*Aim of the exercise*
All of the entries below need to be repeated exactly.

===== Information shown

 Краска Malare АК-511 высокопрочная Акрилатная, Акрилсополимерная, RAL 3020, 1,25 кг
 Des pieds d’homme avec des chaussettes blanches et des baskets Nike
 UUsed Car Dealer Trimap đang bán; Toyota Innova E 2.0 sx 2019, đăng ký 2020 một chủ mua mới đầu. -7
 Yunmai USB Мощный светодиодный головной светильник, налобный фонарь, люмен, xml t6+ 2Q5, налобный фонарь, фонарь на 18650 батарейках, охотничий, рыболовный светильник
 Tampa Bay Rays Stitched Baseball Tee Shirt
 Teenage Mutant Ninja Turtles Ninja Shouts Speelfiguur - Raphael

==========

*Response below*
 Краска Malare АК-511 высокопрочная Акрилатная, Акрилсополимерная, RAL 3020, 1,25 кг
 Des pieds d’homme avec des chaussettes blanches et des baskets Nike
 UUsed Car Dealer Trimap đang bán; Toyota Innova E 2.0 sx 2019, đăng ký 2020 một chủ mua mới đầu. -7
 Yunmai USB Мощный светодиодный головной светильник, налобный фонарь, люмен, xml t6+ 2Q5, налобный фонарь, фонарь на 18650 батарейках, охотничий, рыболовный светильник
 Tampa Bay Rays Stitched Baseball Tee Shirt
 Teenage Mutant Ninja Turtles Ninja Shouts Speelfiguur - Raphael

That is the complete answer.